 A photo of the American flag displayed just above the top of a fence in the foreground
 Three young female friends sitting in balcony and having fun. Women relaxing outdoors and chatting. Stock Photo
...
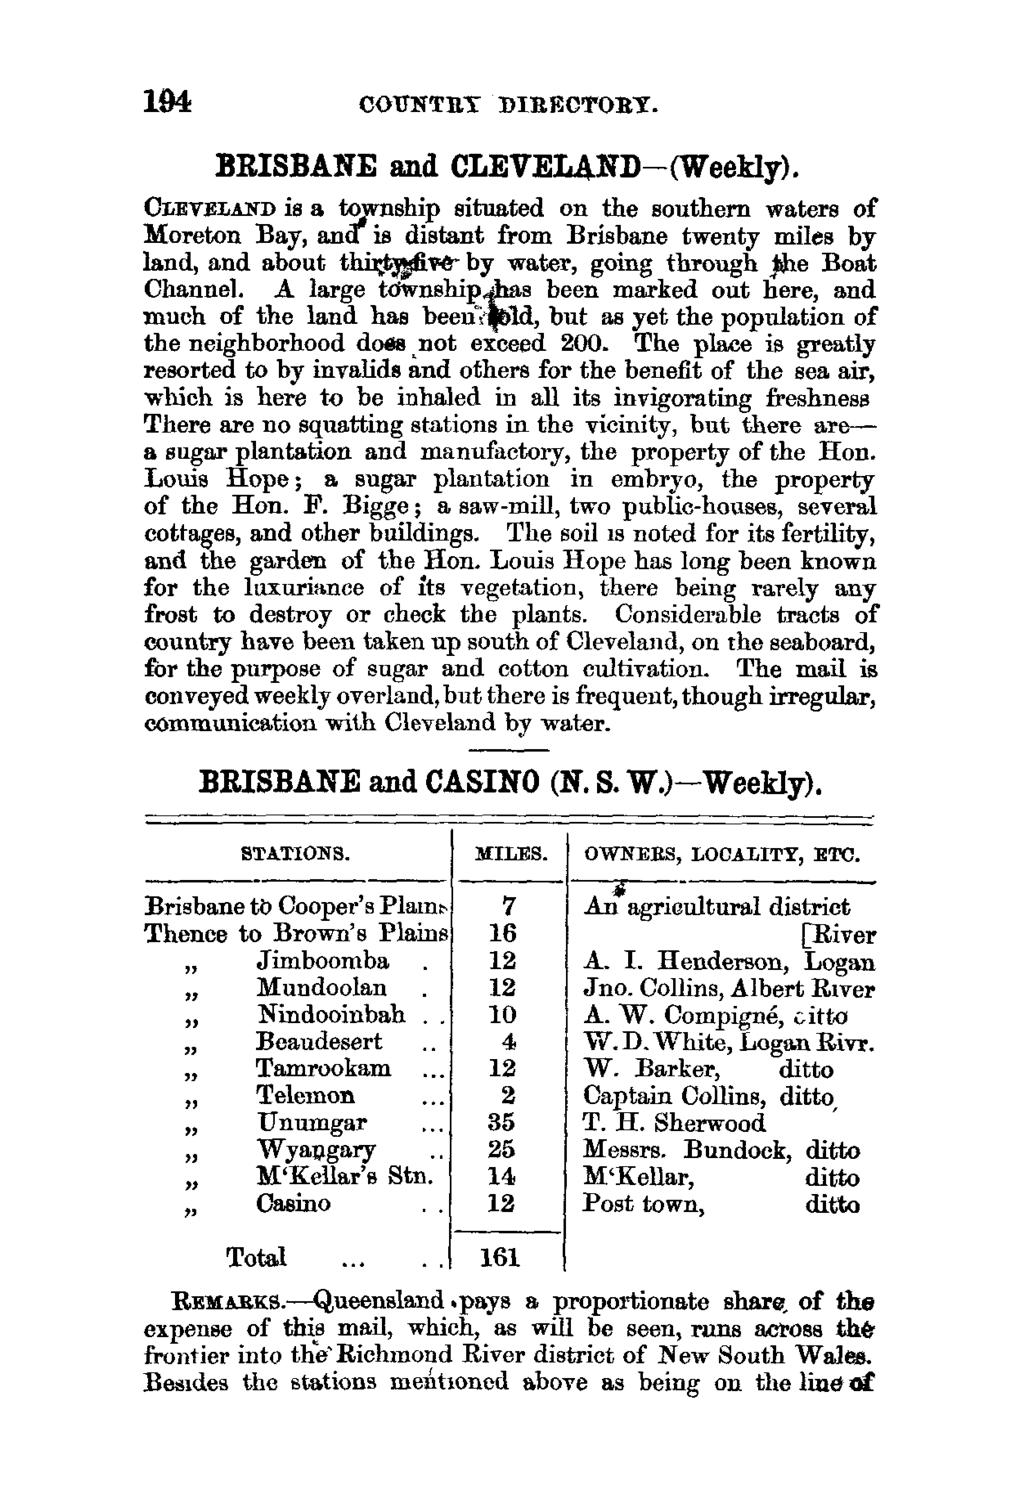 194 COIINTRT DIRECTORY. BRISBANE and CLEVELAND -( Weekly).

→ **How to complete this task**
Write out, from the lines above, only those from the line with "A photo of the" to the line with "Three young female", exactly as given, including the first and the last.

→ **Task result**
 A photo of the American flag displayed just above the top of a fence in the foreground
 Three young female friends sitting in balcony and having fun. Women relaxing outdoors and chatting. Stock Photo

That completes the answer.